### WHAT TO PRODUCE
The data must be returned in full and exactly as given.

------------------------------------------------------------

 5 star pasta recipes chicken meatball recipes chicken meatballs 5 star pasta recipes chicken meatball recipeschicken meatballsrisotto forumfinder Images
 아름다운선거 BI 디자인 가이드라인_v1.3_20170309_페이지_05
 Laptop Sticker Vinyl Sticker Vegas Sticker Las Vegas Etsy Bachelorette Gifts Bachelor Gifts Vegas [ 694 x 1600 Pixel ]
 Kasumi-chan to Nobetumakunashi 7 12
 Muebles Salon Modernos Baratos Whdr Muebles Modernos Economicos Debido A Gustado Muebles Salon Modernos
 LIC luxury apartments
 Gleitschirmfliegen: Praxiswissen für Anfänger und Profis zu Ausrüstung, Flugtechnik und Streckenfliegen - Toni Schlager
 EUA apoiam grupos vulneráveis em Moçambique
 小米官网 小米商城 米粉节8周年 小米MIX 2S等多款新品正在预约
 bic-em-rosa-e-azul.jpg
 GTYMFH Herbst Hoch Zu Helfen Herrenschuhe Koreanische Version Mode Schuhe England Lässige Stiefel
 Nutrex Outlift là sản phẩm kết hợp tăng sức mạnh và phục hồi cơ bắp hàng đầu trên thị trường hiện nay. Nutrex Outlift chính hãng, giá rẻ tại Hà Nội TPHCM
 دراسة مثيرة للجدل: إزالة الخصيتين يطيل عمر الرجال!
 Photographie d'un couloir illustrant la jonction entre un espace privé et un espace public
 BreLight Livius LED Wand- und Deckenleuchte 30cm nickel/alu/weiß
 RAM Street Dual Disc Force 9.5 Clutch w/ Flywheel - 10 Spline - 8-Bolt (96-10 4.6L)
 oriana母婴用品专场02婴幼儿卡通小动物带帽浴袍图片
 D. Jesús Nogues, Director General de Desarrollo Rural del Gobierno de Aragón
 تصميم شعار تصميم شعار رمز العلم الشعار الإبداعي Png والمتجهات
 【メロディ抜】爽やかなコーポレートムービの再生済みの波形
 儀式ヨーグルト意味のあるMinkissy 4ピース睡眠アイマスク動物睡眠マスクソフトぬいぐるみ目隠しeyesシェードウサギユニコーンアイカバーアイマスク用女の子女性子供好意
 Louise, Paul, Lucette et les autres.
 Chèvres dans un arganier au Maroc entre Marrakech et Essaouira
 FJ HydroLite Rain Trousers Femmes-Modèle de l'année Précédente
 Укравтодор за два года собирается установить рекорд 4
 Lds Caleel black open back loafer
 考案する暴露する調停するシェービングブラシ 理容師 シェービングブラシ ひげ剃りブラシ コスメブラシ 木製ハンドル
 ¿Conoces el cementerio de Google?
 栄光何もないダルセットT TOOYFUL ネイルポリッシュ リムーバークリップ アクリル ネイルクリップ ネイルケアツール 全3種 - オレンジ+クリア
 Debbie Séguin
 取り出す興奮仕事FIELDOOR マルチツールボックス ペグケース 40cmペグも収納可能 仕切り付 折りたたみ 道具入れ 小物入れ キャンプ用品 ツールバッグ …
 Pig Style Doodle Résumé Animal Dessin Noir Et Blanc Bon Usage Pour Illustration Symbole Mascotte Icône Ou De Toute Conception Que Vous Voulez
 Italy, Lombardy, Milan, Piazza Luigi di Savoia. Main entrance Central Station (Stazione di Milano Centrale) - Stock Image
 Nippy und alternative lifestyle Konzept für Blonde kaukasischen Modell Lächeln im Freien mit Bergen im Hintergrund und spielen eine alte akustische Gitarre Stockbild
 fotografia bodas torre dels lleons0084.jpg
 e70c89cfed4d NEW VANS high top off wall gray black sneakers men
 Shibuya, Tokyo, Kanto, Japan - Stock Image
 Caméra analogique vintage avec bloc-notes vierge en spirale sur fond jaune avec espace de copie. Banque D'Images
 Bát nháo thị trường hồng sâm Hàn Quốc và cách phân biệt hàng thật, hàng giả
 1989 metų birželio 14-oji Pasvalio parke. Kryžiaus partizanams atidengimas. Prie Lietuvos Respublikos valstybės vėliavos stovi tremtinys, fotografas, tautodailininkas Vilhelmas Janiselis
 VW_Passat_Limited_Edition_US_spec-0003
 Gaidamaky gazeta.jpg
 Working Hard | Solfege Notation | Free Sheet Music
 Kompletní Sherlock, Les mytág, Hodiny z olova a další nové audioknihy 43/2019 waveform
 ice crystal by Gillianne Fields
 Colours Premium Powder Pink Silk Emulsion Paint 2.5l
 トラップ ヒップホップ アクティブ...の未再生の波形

------------------------------------------------------------

### ANSWER TO THIS EXERCISE
 5 star pasta recipes chicken meatball recipes chicken meatballs 5 star pasta recipes chicken meatball recipeschicken meatballsrisotto forumfinder Images
 아름다운선거 BI 디자인 가이드라인_v1.3_20170309_페이지_05
 Laptop Sticker Vinyl Sticker Vegas Sticker Las Vegas Etsy Bachelorette Gifts Bachelor Gifts Vegas [ 694 x 1600 Pixel ]
 Kasumi-chan to Nobetumakunashi 7 12
 Muebles Salon Modernos Baratos Whdr Muebles Modernos Economicos Debido A Gustado Muebles Salon Modernos
 LIC luxury apartments
 Gleitschirmfliegen: Praxiswissen für Anfänger und Profis zu Ausrüstung, Flugtechnik und Streckenfliegen - Toni Schlager
 EUA apoiam grupos vulneráveis em Moçambique
 小米官网 小米商城 米粉节8周年 小米MIX 2S等多款新品正在预约
 bic-em-rosa-e-azul.jpg
 GTYMFH Herbst Hoch Zu Helfen Herrenschuhe Koreanische Version Mode Schuhe England Lässige Stiefel
 Nutrex Outlift là sản phẩm kết hợp tăng sức mạnh và phục hồi cơ bắp hàng đầu trên thị trường hiện nay. Nutrex Outlift chính hãng, giá rẻ tại Hà Nội TPHCM
 دراسة مثيرة للجدل: إزالة الخصيتين يطيل عمر الرجال!
 Photographie d'un couloir illustrant la jonction entre un espace privé et un espace public
 BreLight Livius LED Wand- und Deckenleuchte 30cm nickel/alu/weiß
 RAM Street Dual Disc Force 9.5 Clutch w/ Flywheel - 10 Spline - 8-Bolt (96-10 4.6L)
 oriana母婴用品专场02婴幼儿卡通小动物带帽浴袍图片
 D. Jesús Nogues, Director General de Desarrollo Rural del Gobierno de Aragón
 تصميم شعار تصميم شعار رمز العلم الشعار الإبداعي Png والمتجهات
 【メロディ抜】爽やかなコーポレートムービの再生済みの波形
 儀式ヨーグルト意味のあるMinkissy 4ピース睡眠アイマスク動物睡眠マスクソフトぬいぐるみ目隠しeyesシェードウサギユニコーンアイカバーアイマスク用女の子女性子供好意
 Louise, Paul, Lucette et les autres.
 Chèvres dans un arganier au Maroc entre Marrakech et Essaouira
 FJ HydroLite Rain Trousers Femmes-Modèle de l'année Précédente
 Укравтодор за два года собирается установить рекорд 4
 Lds Caleel black open back loafer
 考案する暴露する調停するシェービングブラシ 理容師 シェービングブラシ ひげ剃りブラシ コスメブラシ 木製ハンドル
 ¿Conoces el cementerio de Google?
 栄光何もないダルセットT TOOYFUL ネイルポリッシュ リムーバークリップ アクリル ネイルクリップ ネイルケアツール 全3種 - オレンジ+クリア
 Debbie Séguin
 取り出す興奮仕事FIELDOOR マルチツールボックス ペグケース 40cmペグも収納可能 仕切り付 折りたたみ 道具入れ 小物入れ キャンプ用品 ツールバッグ …
 Pig Style Doodle Résumé Animal Dessin Noir Et Blanc Bon Usage Pour Illustration Symbole Mascotte Icône Ou De Toute Conception Que Vous Voulez
 Italy, Lombardy, Milan, Piazza Luigi di Savoia. Main entrance Central Station (Stazione di Milano Centrale) - Stock Image
 Nippy und alternative lifestyle Konzept für Blonde kaukasischen Modell Lächeln im Freien mit Bergen im Hintergrund und spielen eine alte akustische Gitarre Stockbild
 fotografia bodas torre dels lleons0084.jpg
 e70c89cfed4d NEW VANS high top off wall gray black sneakers men
 Shibuya, Tokyo, Kanto, Japan - Stock Image
 Caméra analogique vintage avec bloc-notes vierge en spirale sur fond jaune avec espace de copie. Banque D'Images
 Bát nháo thị trường hồng sâm Hàn Quốc và cách phân biệt hàng thật, hàng giả
 1989 metų birželio 14-oji Pasvalio parke. Kryžiaus partizanams atidengimas. Prie Lietuvos Respublikos valstybės vėliavos stovi tremtinys, fotografas, tautodailininkas Vilhelmas Janiselis
 VW_Passat_Limited_Edition_US_spec-0003
 Gaidamaky gazeta.jpg
 Working Hard | Solfege Notation | Free Sheet Music
 Kompletní Sherlock, Les mytág, Hodiny z olova a další nové audioknihy 43/2019 waveform
 ice crystal by Gillianne Fields
 Colours Premium Powder Pink Silk Emulsion Paint 2.5l
 トラップ ヒップホップ アクティブ...の未再生の波形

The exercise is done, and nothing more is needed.